Hewlett Packard Enterprise (HPE) has reported better-than-expected quarterly profits, with an adjusted earnings per share of 52 cents, surpassing the analysts’ average estimate of 50 cents. The “edge-to-cloud” technology firm attributed this positive outcome to a nearly 17% reduction in fourth-quarter expenses, totaling $6.84 billion.
However, despite the positive performance, HPE’s forecast for the current quarter presents a cautious outlook. Unfavorable macroeconomic conditions, including persistent inflation and higher interest rates, have compelled companies to trim IT spending, impacting enterprises like HPE. The company anticipates first-quarter revenue for fiscal 2024 to be in the range of $6.90 billion to $7.30 billion, with the midpoint falling slightly below estimates at $7.28 billion.
On an adjusted basis, HPE expects net earnings for the first quarter to be between 42 cents and 50 cents per share. The midpoint of this range is marginally below estimates of 47 cents. The challenging economic environment has led to a broader trend of cautious spending by enterprises, as indicated by other major IT services and software providers such as Accenture and Tata Consultancy Services.

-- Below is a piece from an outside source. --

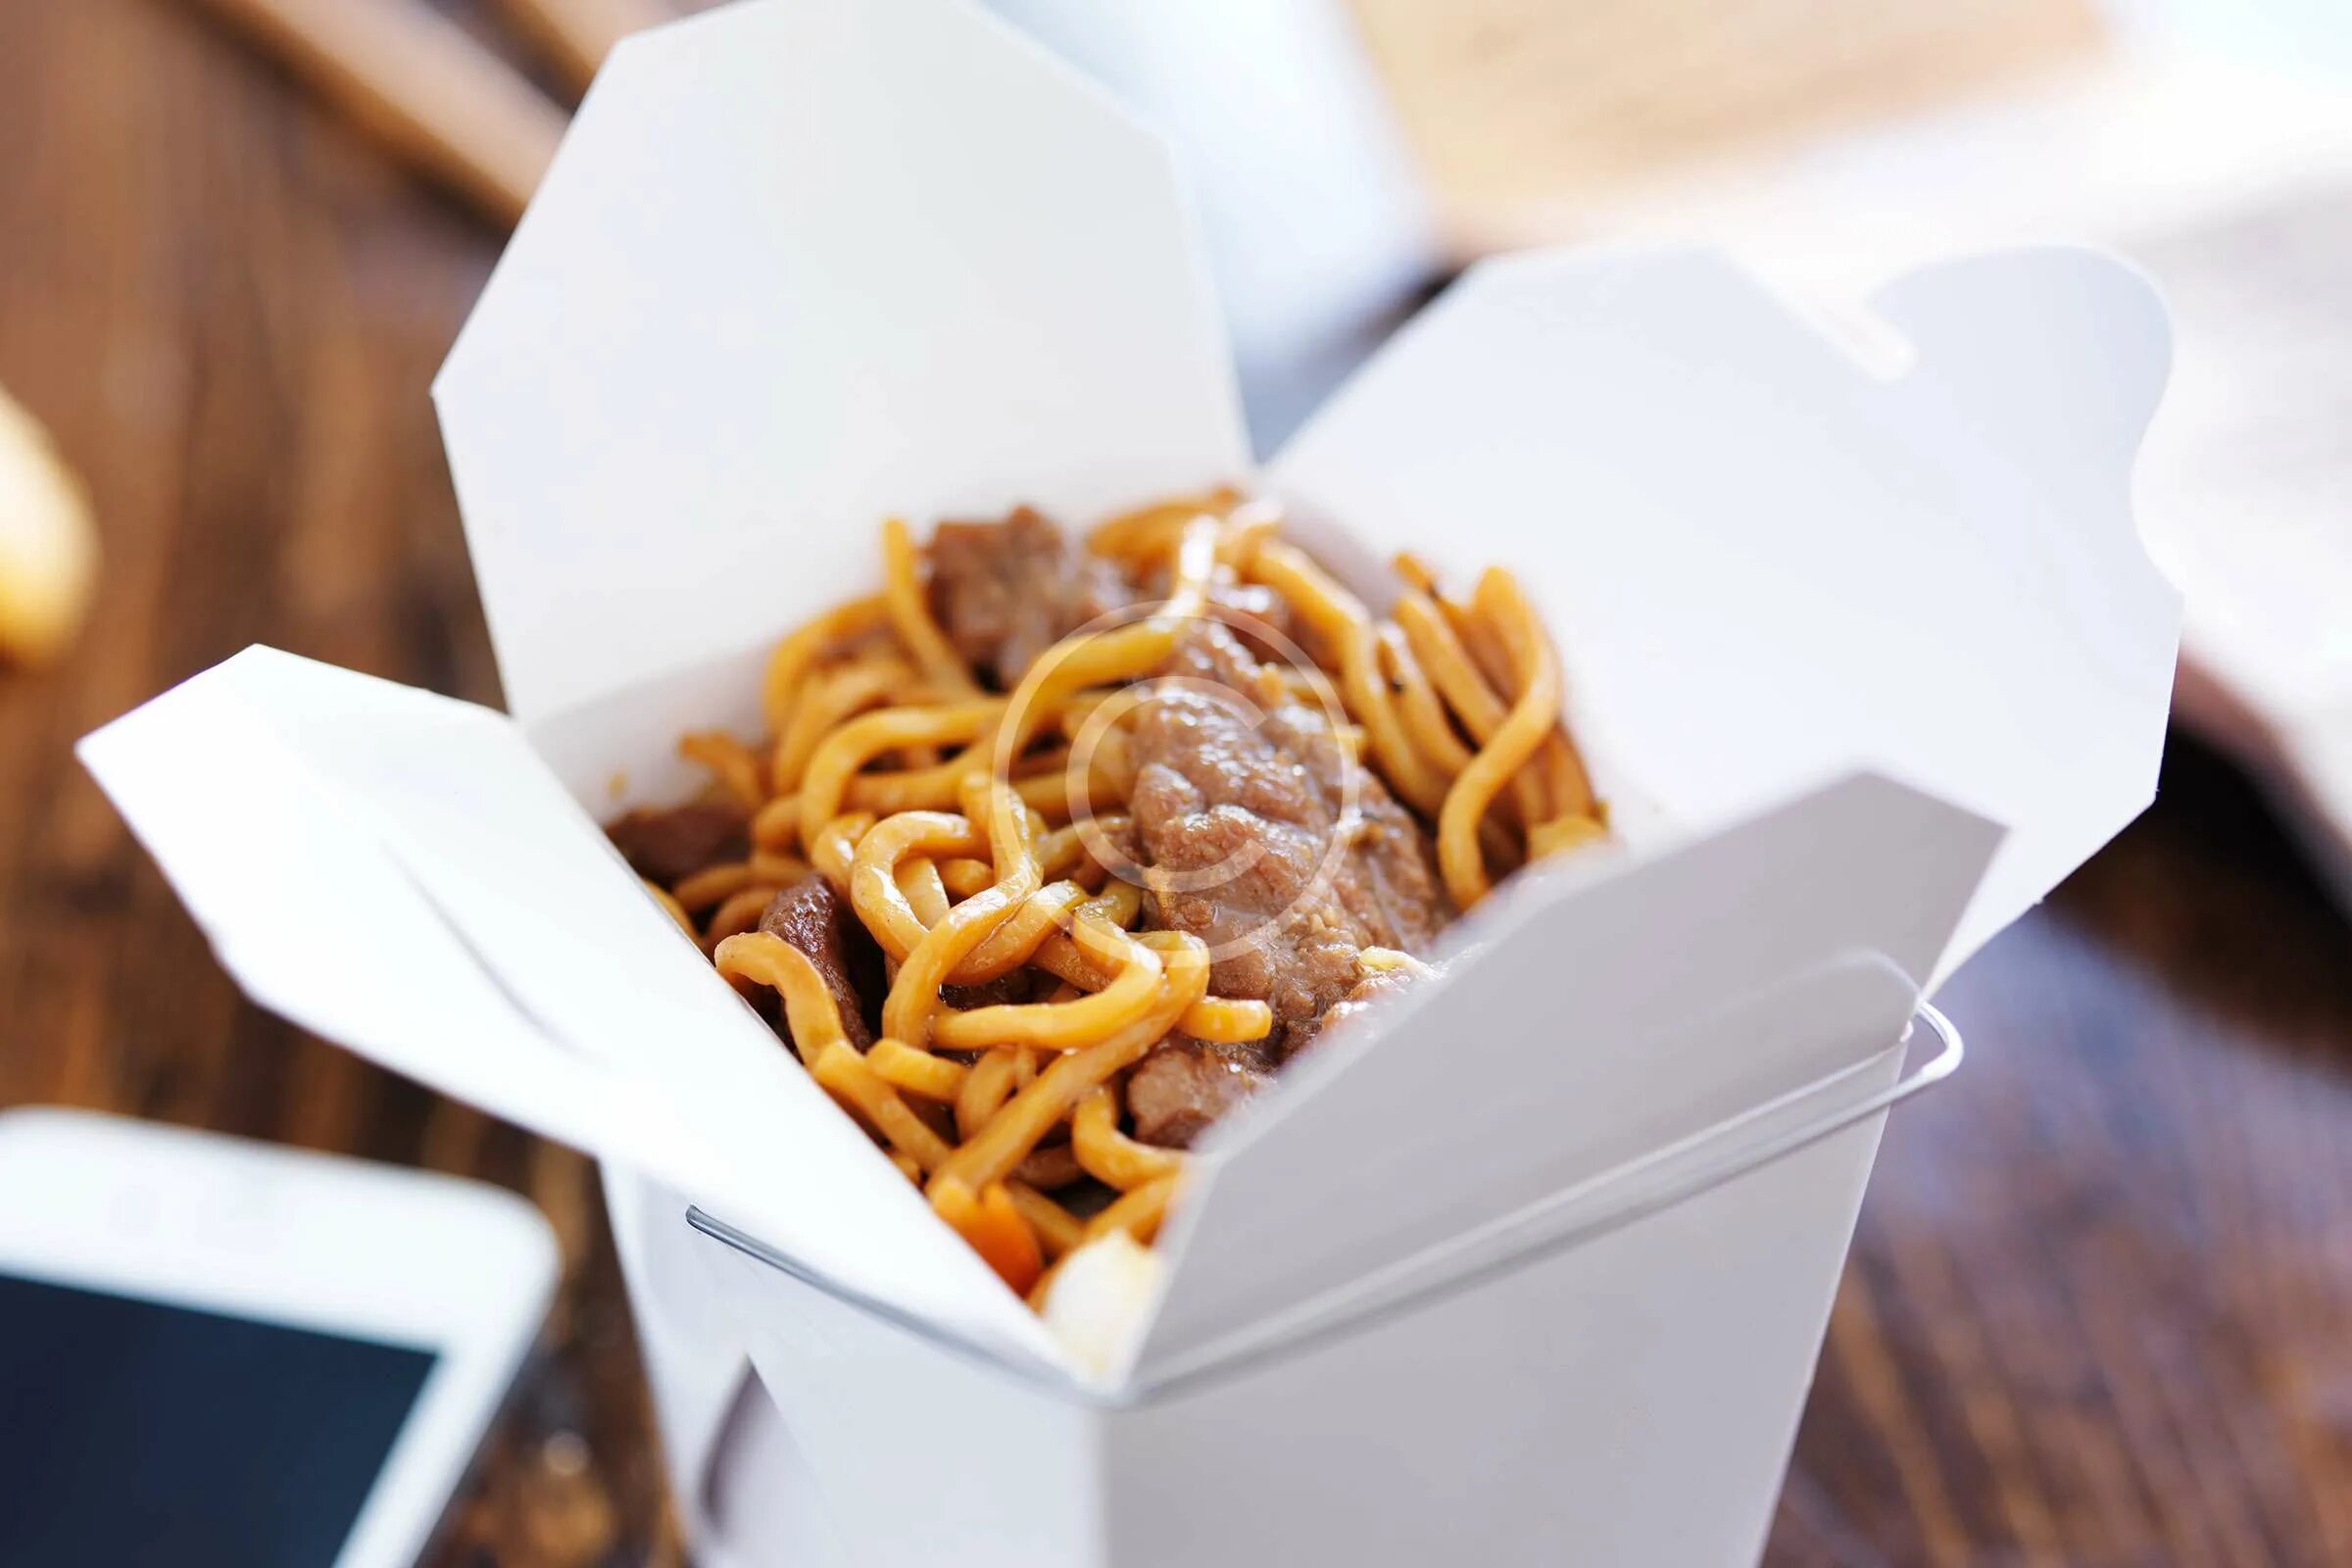 Вок лапша в коробке. Китайская еда в коробочках. Реклама китайской лапши. Лапша вок реклама. Реклама лапши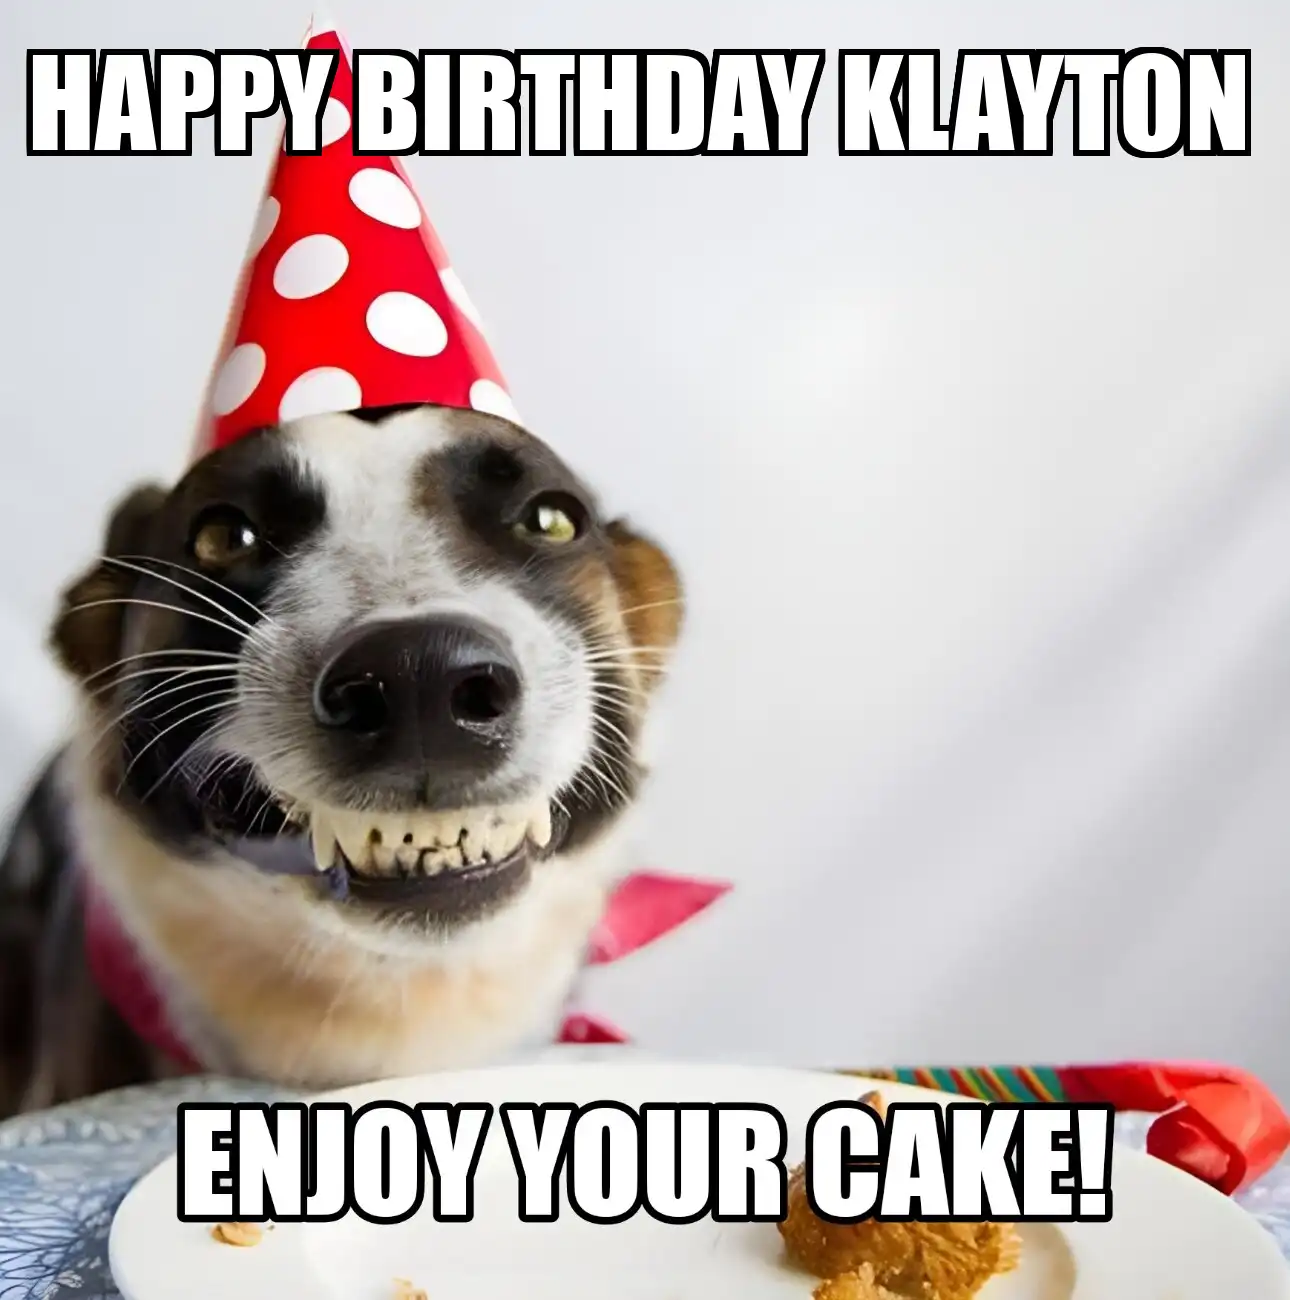 Happy Birthday Klayton Enjoy Your Cake Dog Meme

In the fourth quarter, HPE reported a 7% decline in net revenue, amounting to $7.35 billion, slightly below the estimated $7.36 billion. The Compute segment, representing its largest segment, recorded quarterly revenue of $2.60 billion, reflecting a nearly 31% decrease compared to the same period last year. Despite these challenges, the annualized revenue run rate, a key indicator of future revenue, exhibited a positive trend, rising by 39% to $1.30 billion in the quarter ended October 31.